- _REQUIREMENT_: Leave the pictures out and print every record below exactly as it stands.

==*==

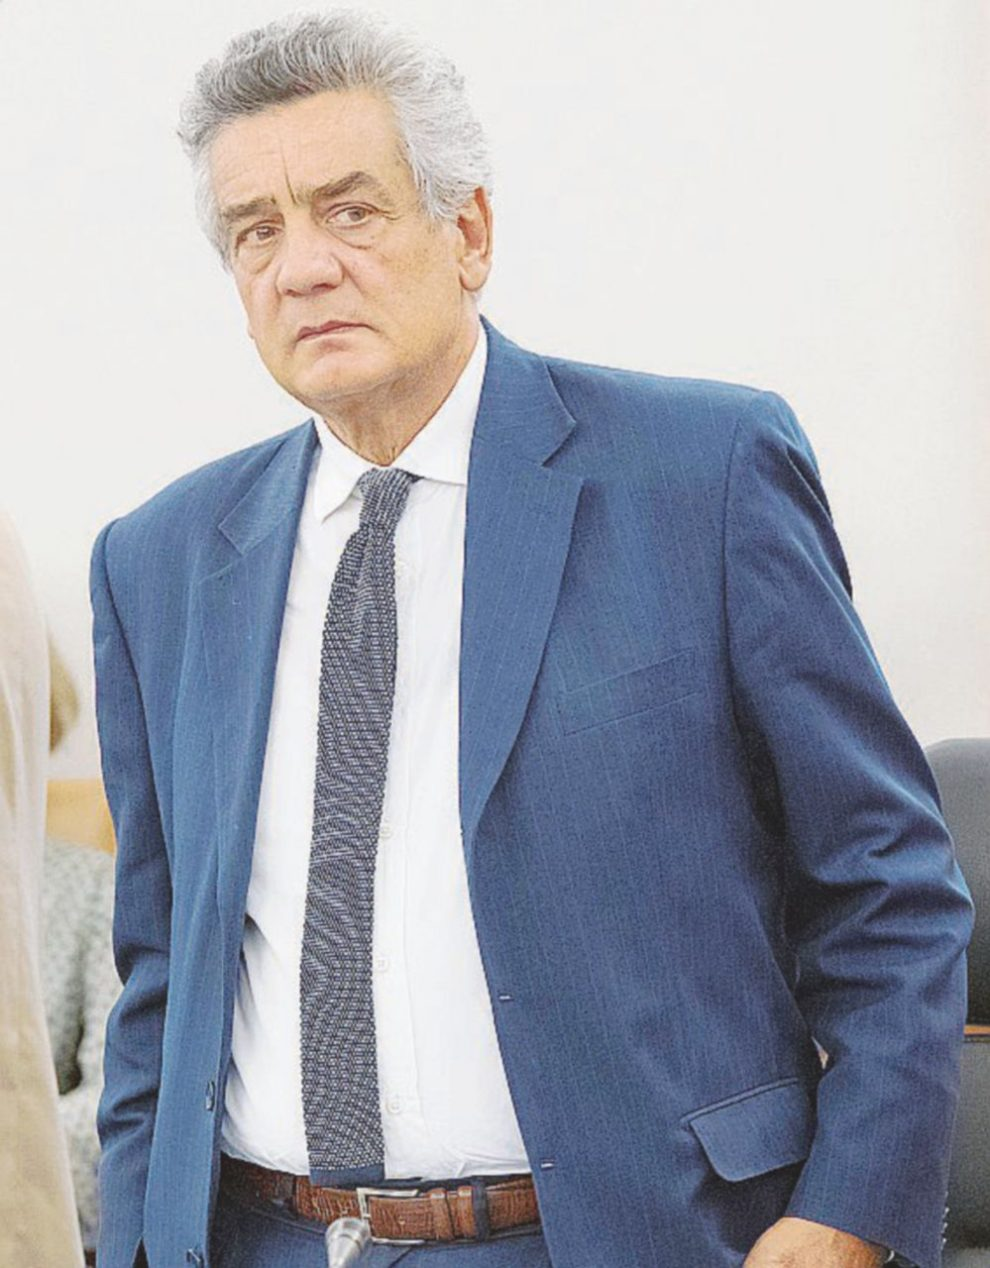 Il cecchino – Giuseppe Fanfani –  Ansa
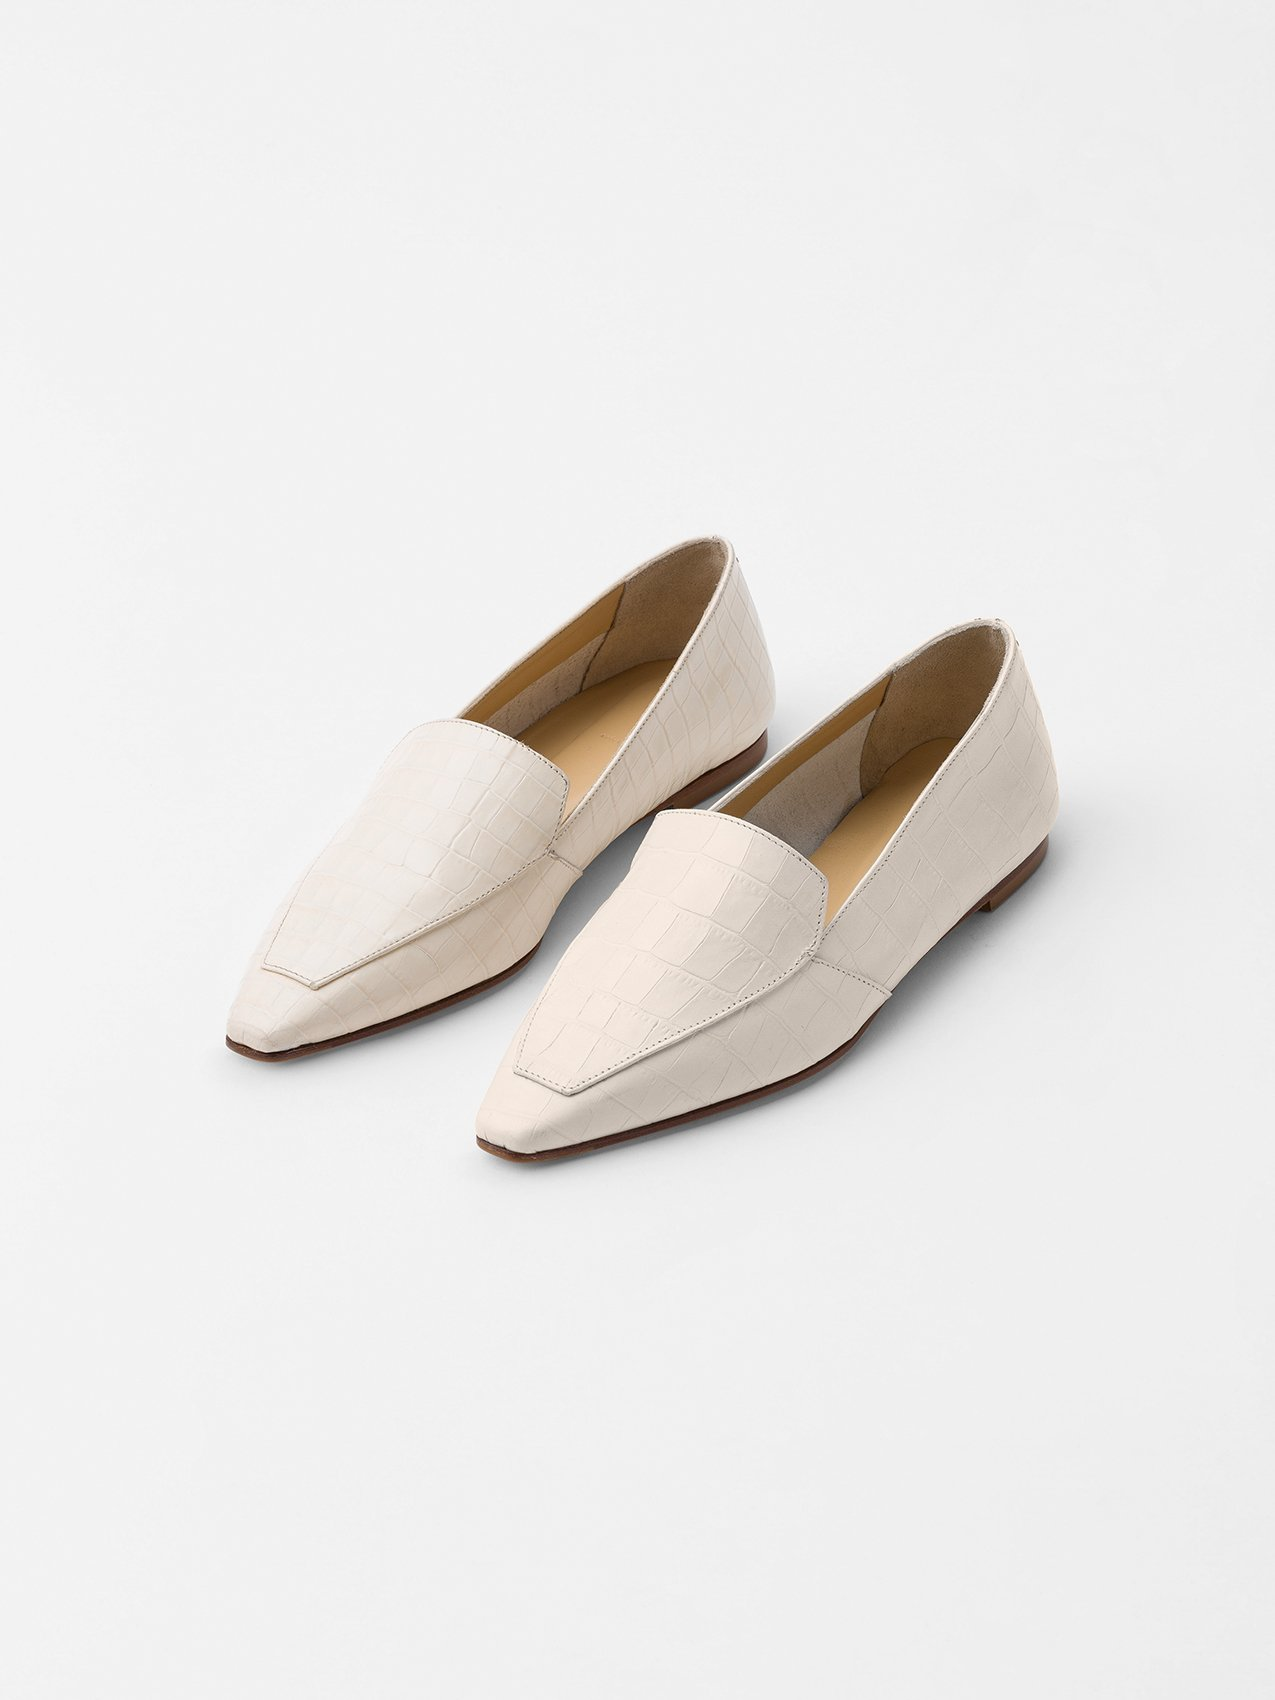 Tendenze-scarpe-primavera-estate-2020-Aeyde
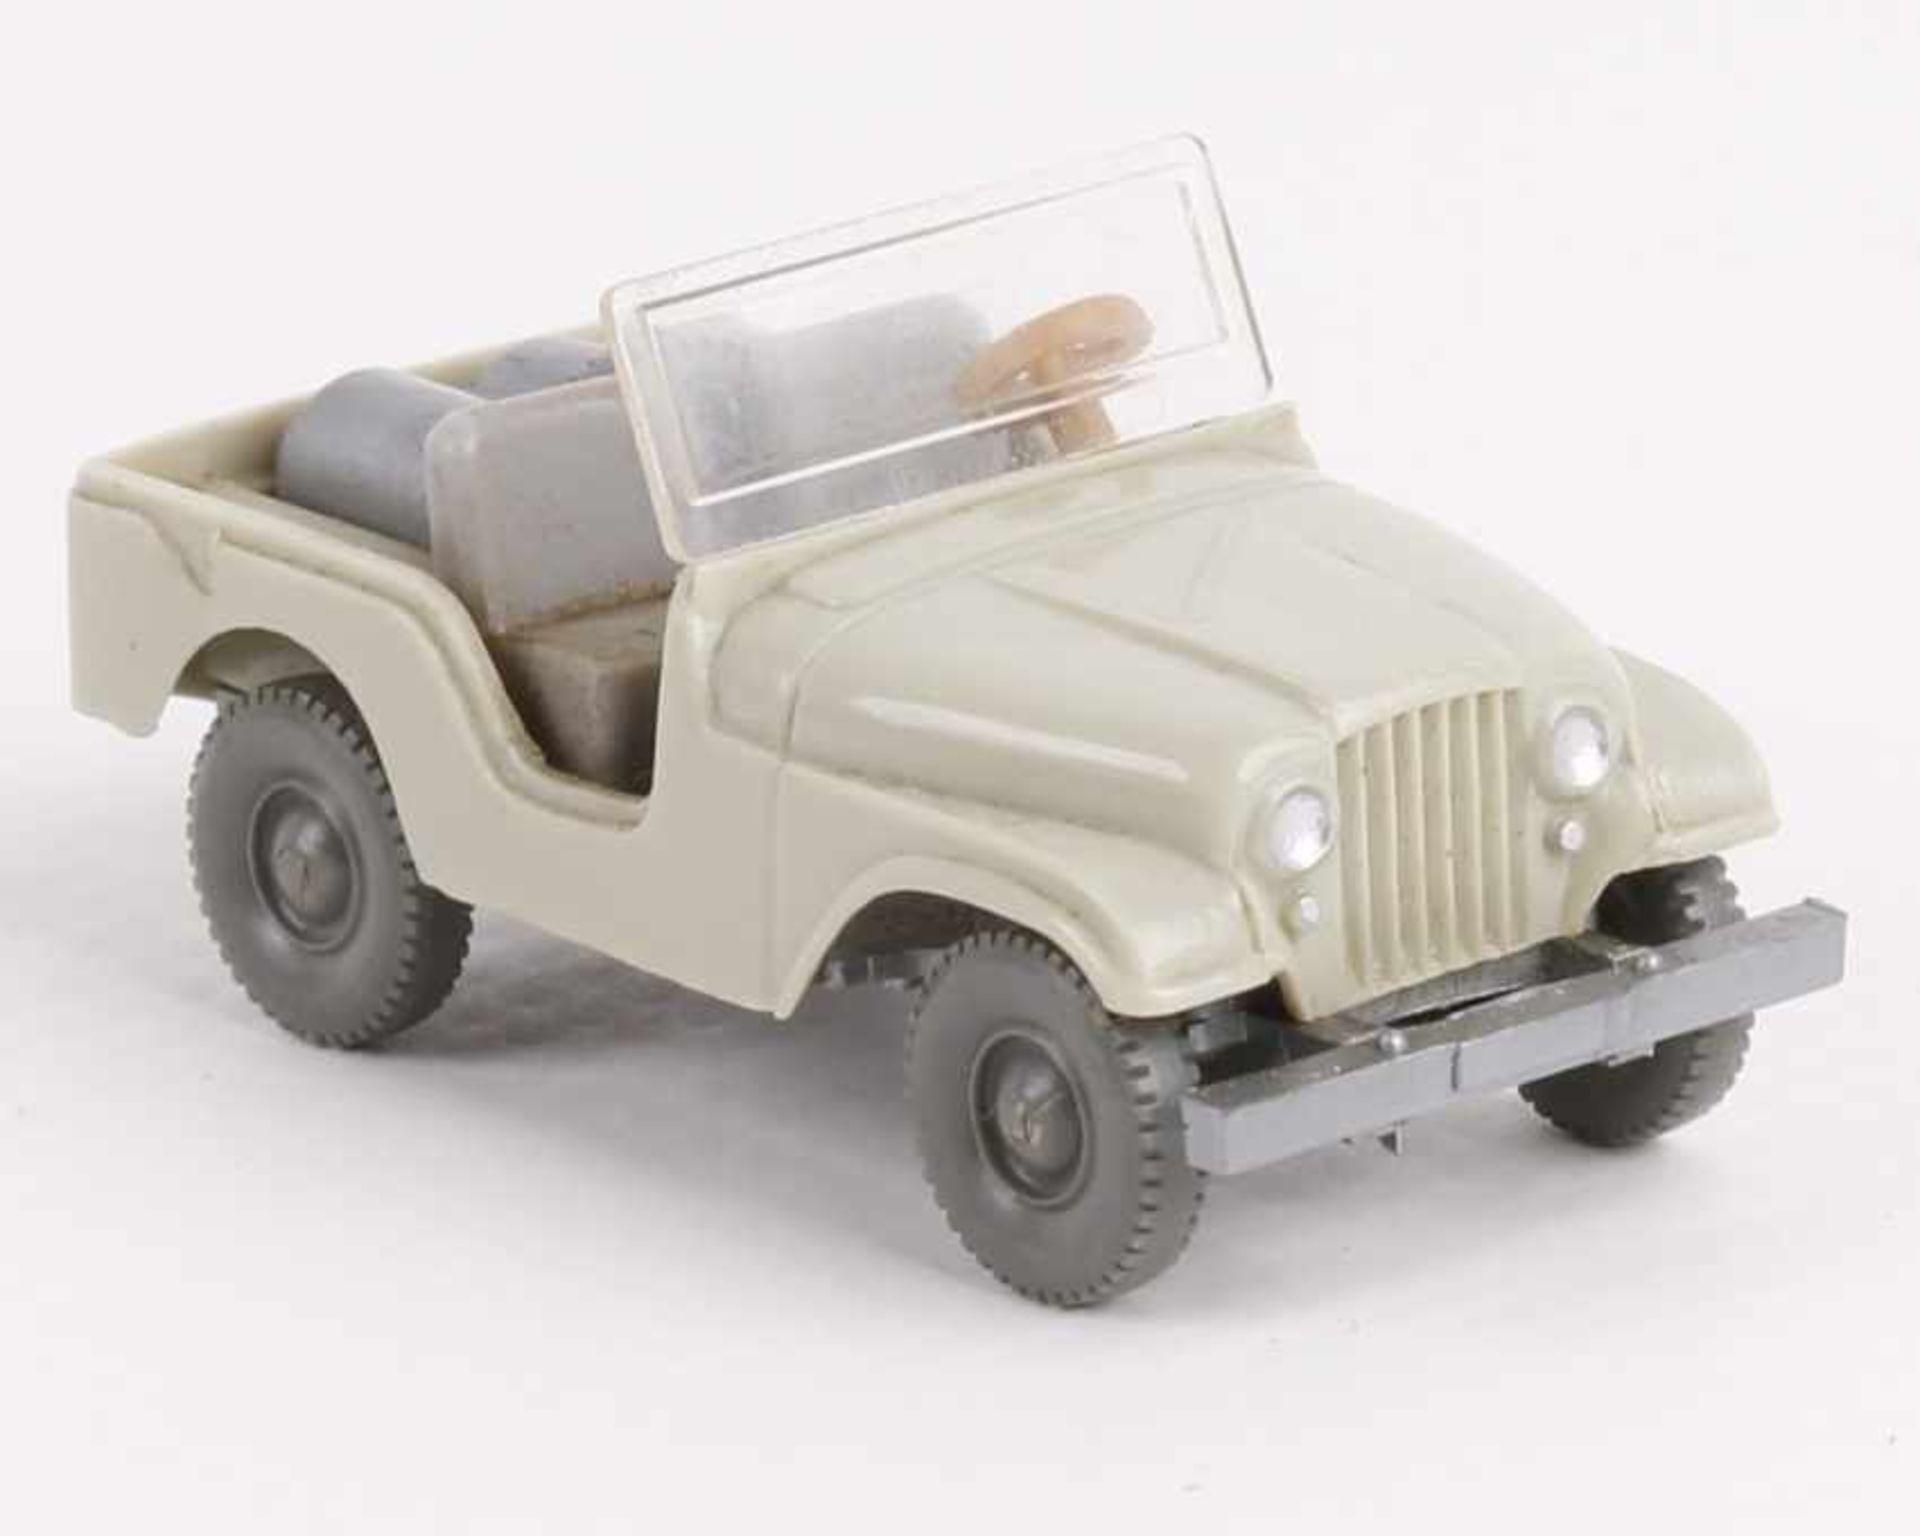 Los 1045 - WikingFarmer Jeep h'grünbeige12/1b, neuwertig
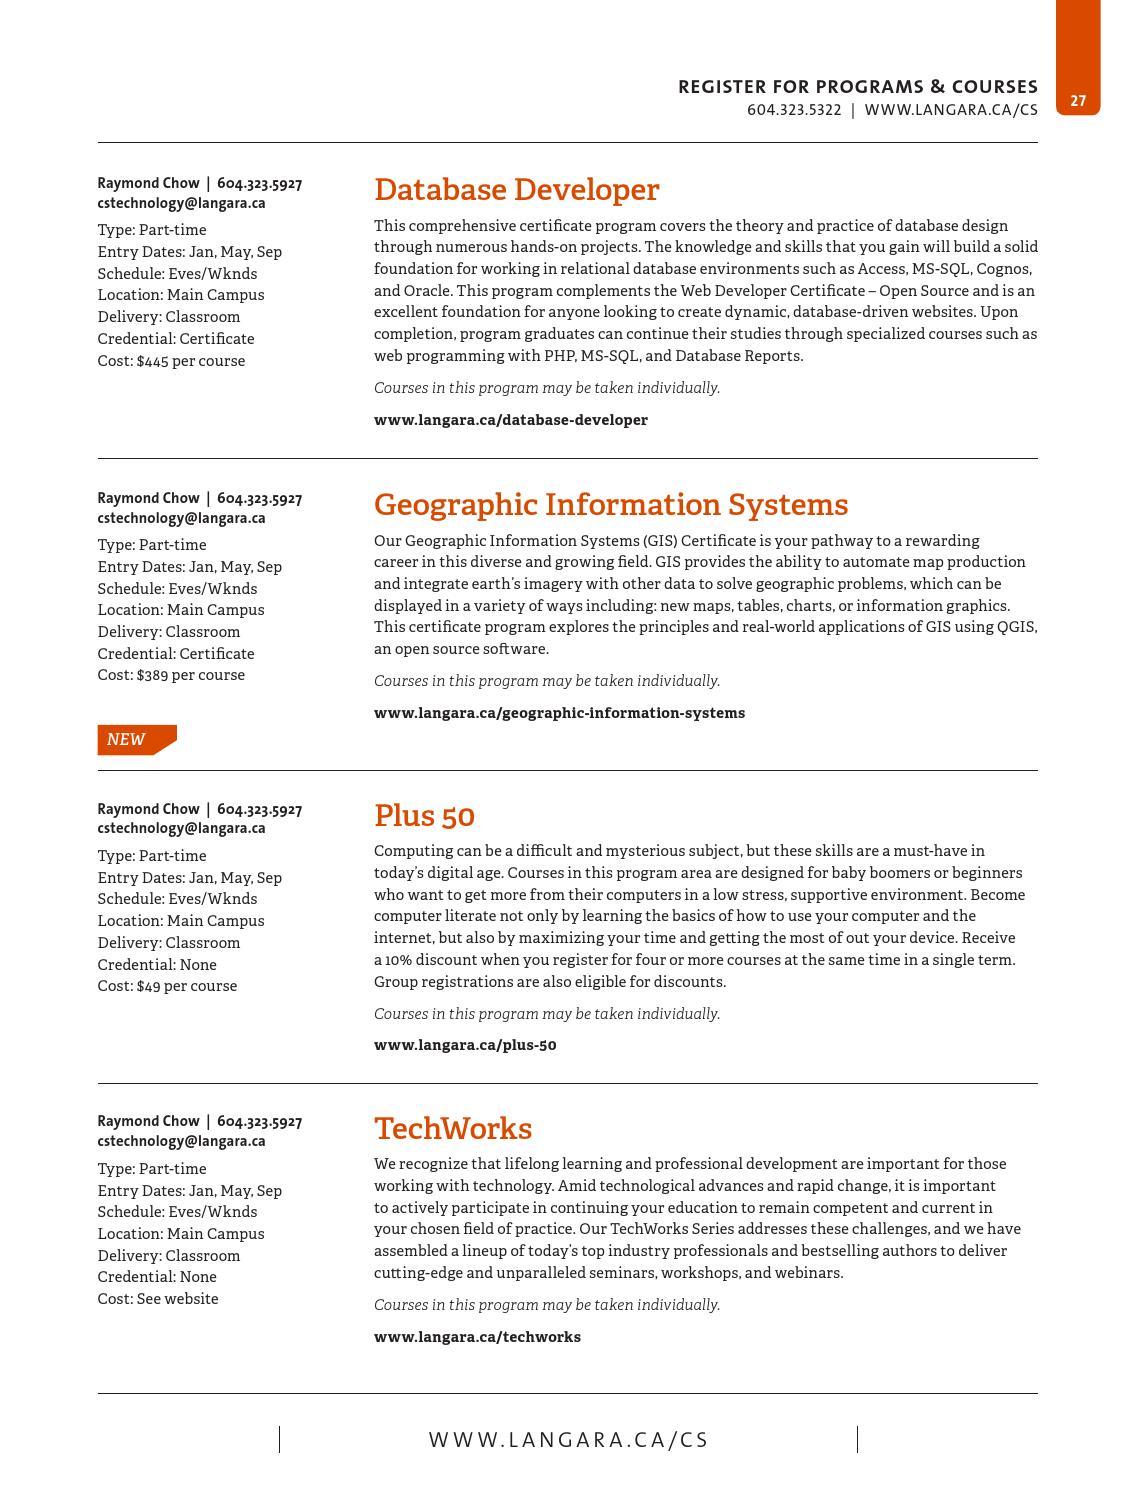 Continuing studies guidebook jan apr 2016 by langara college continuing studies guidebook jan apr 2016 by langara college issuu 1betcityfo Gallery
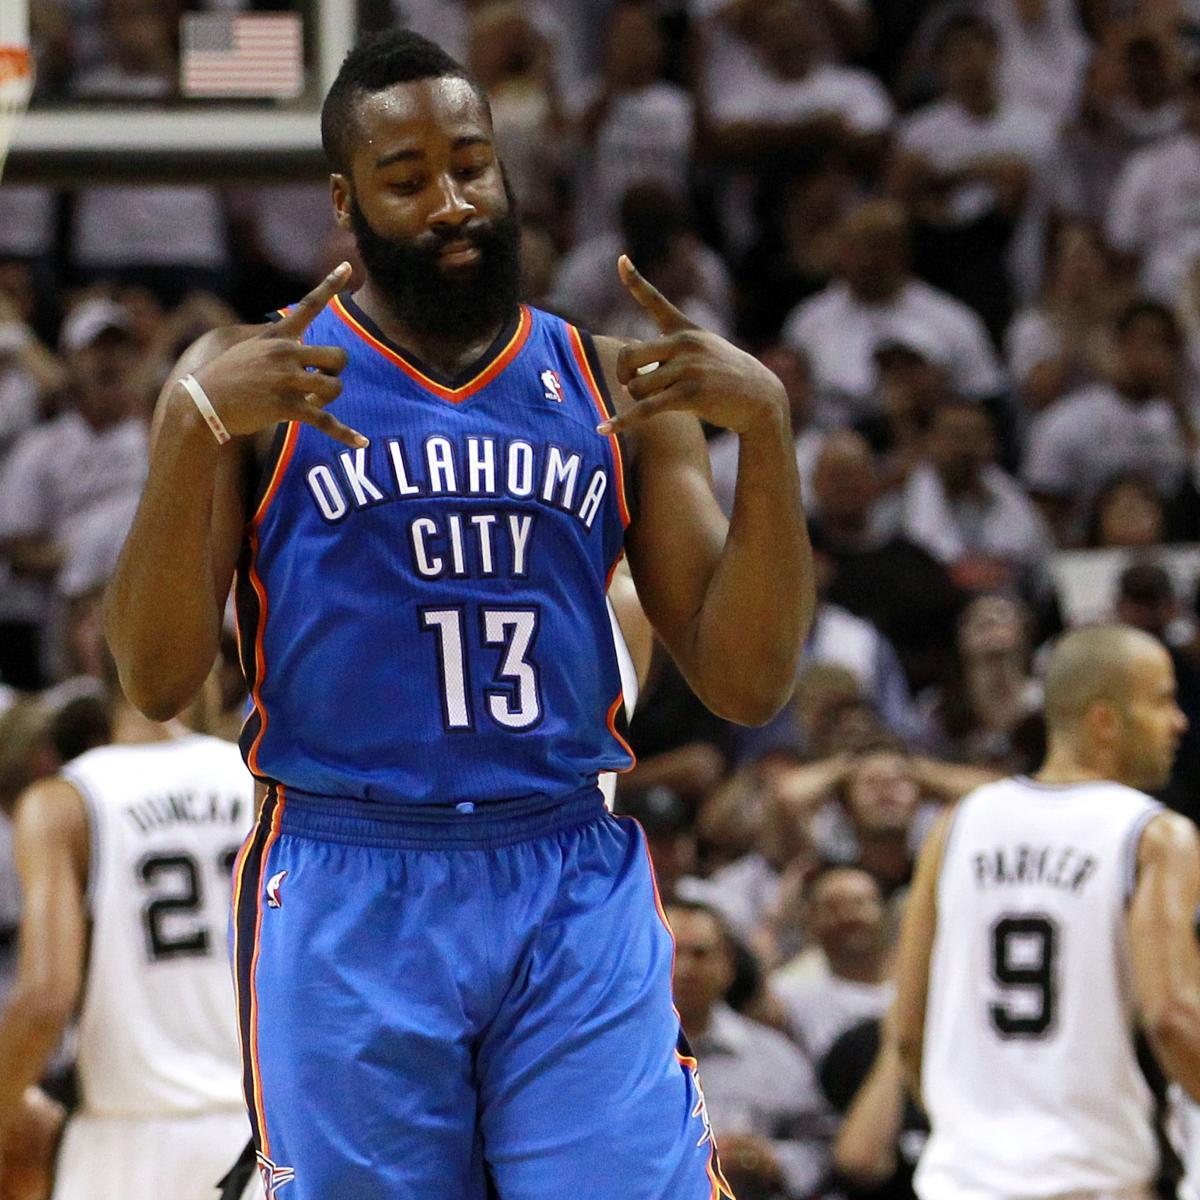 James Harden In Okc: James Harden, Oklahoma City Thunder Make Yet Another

==*==

- _ANSWER TO THIS PROBLEM_:
 Il cecchino – Giuseppe Fanfani –  Ansa
 Tendenze-scarpe-primavera-estate-2020-Aeyde
 Los 1045 - WikingFarmer Jeep h'grünbeige12/1b, neuwertig
 Continuing studies guidebook jan apr 2016 by langara college continuing studies guidebook jan apr 2016 by langara college issuu 1betcityfo Gallery
 James Harden In Okc: James Harden, Oklahoma City Thunder Make Yet Another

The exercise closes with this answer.